The broadband spectral emissions in visible range of 400–760 nm are known to be associated with deep-level emissions (DLEs) caused by the recombination of photo-excited carriers from various categories of intrinsic defects in the crystals. The exact location of these defects and the theoretical judgment of their nature have been still controversial and did not come to a final conclusion [38,39]; however, it will be unavoidable to have various types of intrinsic defects in the ZnO nano-crystals grown as in this work which were synthesized by a solution method at low temperature. Many different residual organic constituents present in growth solution can be incorporated into the growing NR crystals, and they can lead to deep-level defects. These defects cannot be readily eradicated or avoided due to a low processing temperature. TM-doping in ZnO NR crystals can thus be an effective technique to limit the defect related emissions as claimed by earlier studies [24,40]. As illustrated in Figure 4a, the visible emission intensity associated with deep-level defects was highly suppressed by ~1/2 when doped by Co-plus-Ni compared to the emission of undoped NRs.

A more comprehensive analysis using the Gaussian deconvolution technique was carried out on the visible emissions extracted from PL spectra to investigate the difference in origin of DLE for the samples upon doping condition. As depicted in Figure 4a, the ZnO NRs exhibited three distinctive patterns of DLEs centered at 550 nm (green emission at ~2.25 eV), 580 nm (yellow emission at ~2.14 eV), and 640 nm (red emission at ~1.94 eV). The exact nature of the green emission pattern has been the subject of the most debate depending on crystal synthesis method. Oxygen vacancies have been suggested by many investigations, but zinc vacancies, zinc interstitials, oxygen interstitials, and other extrinsic deep levels including Cu also have been proposed to be the single source of this emission [11,27,41]. The yellow emissions were observed in ZnO NRs grown by a chemical method at low temperature and known to be associated with the presence of hydroxyl group formed in aqueous solution. It was demonstrated that this emission can be replaced by the green or red ones by post-growth annealing [11,41]. The origin of red emissions is also still uncertain in many aspects, but it has been proposed that it is caused by the transitions associated with zinc vacancy complexes. Oxygen and Zn interstitial are also reported as the primary origin of red emissions [27,42,43].

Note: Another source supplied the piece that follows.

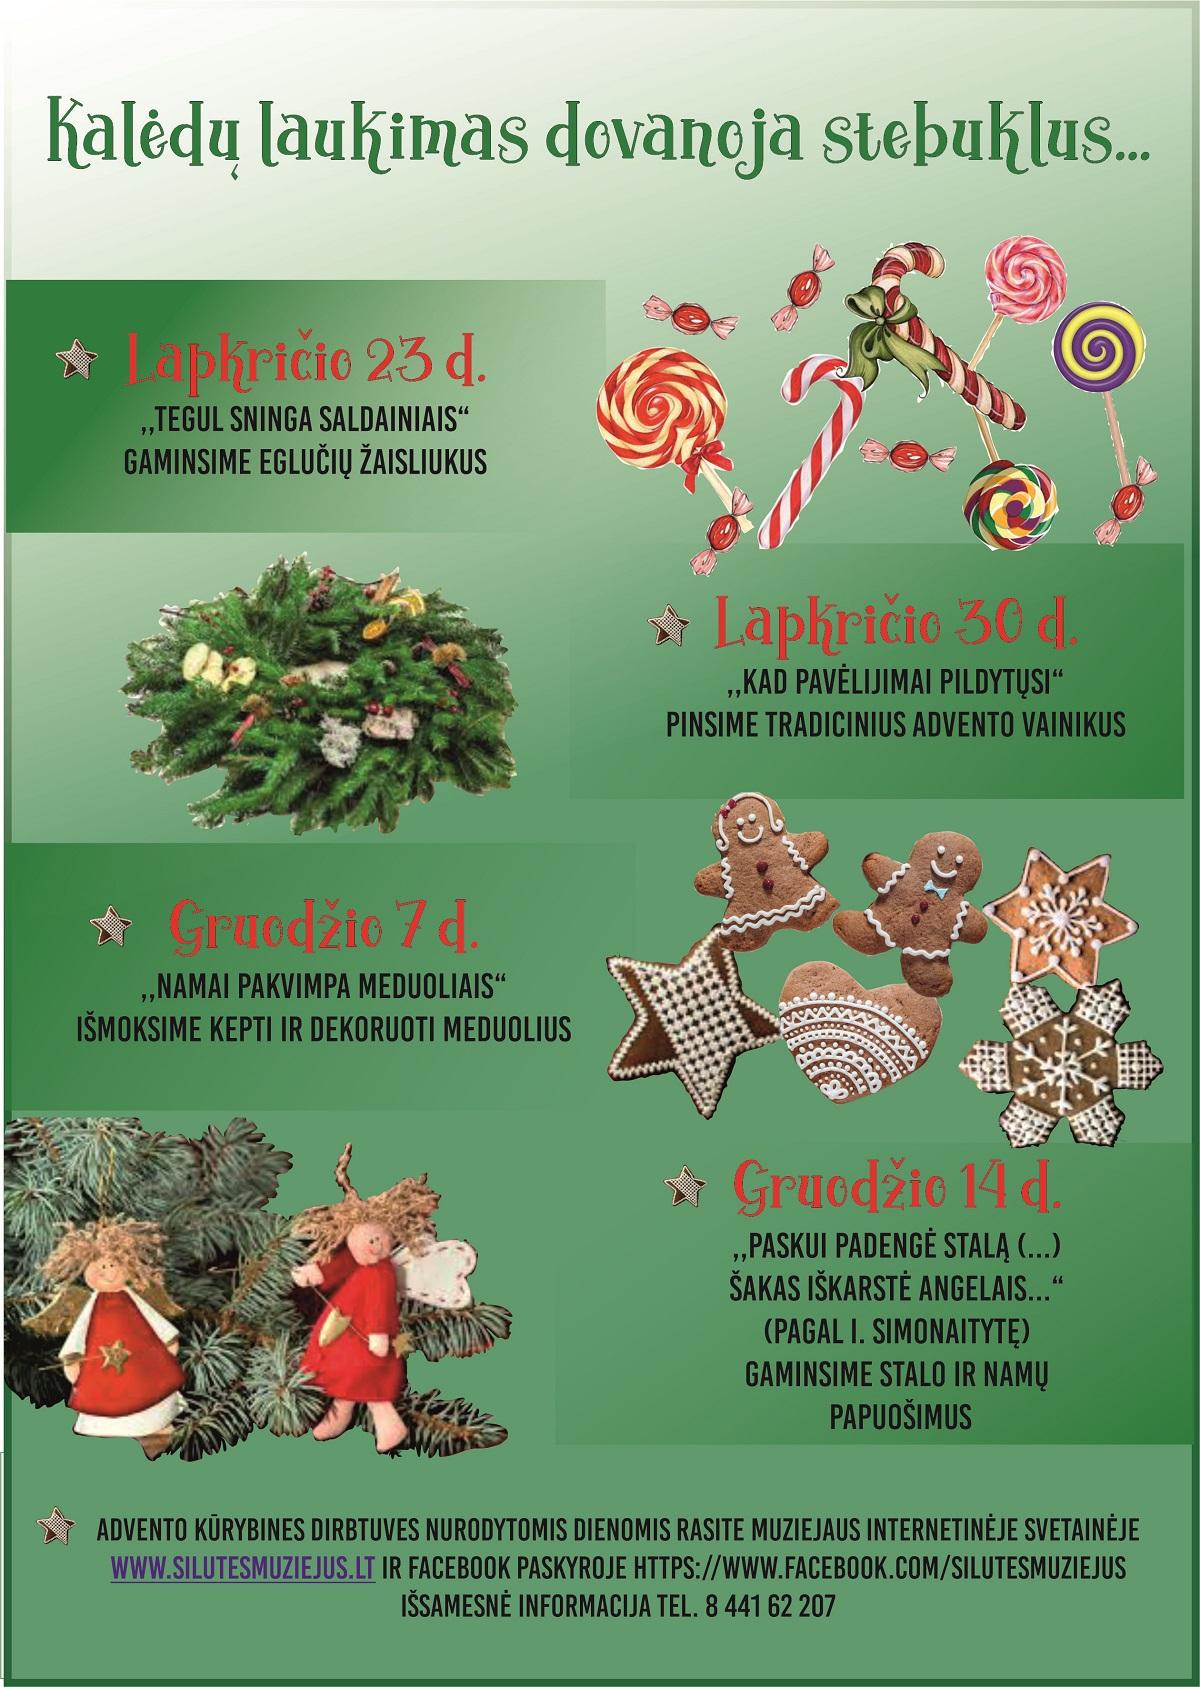 Kalėdų laukimas dovanoja stebuklus…

By dopant incorporation of Co, Ni, and Co-plus-Ni, the green emissions were significantly reduced by 35%, 43%, and 61%, respectively, as shown in Figure 4b–e. Therefore, it can be reasonably assumed that many intrinsic defects related to O/Zn vacancies, interstitials, and anti-sites were reduced in TM-doped crystals. Further substantial changes were also obtained in yellow emissions, where the intensity was suppressed by 31%, 37%, or 51% in the cases of Co, Ni, Co-plus-Ni doping, respectively, compared to that of undoped sample. During the hydrothermal crystal growth, the dissociation of H₂O on the surface of ZnO at the oxygen vacancy sites can lead to the adsorption of OH species. In the case of TM-doped crystals, the number of oxygen vacancy sites can be reduced because of the strong bonding affinity of TM ions with oxygen ions and a prominent reduction in yellow emission was observed. In red emissions, we observed the similar changing trends in pattern intensity according to the doping type.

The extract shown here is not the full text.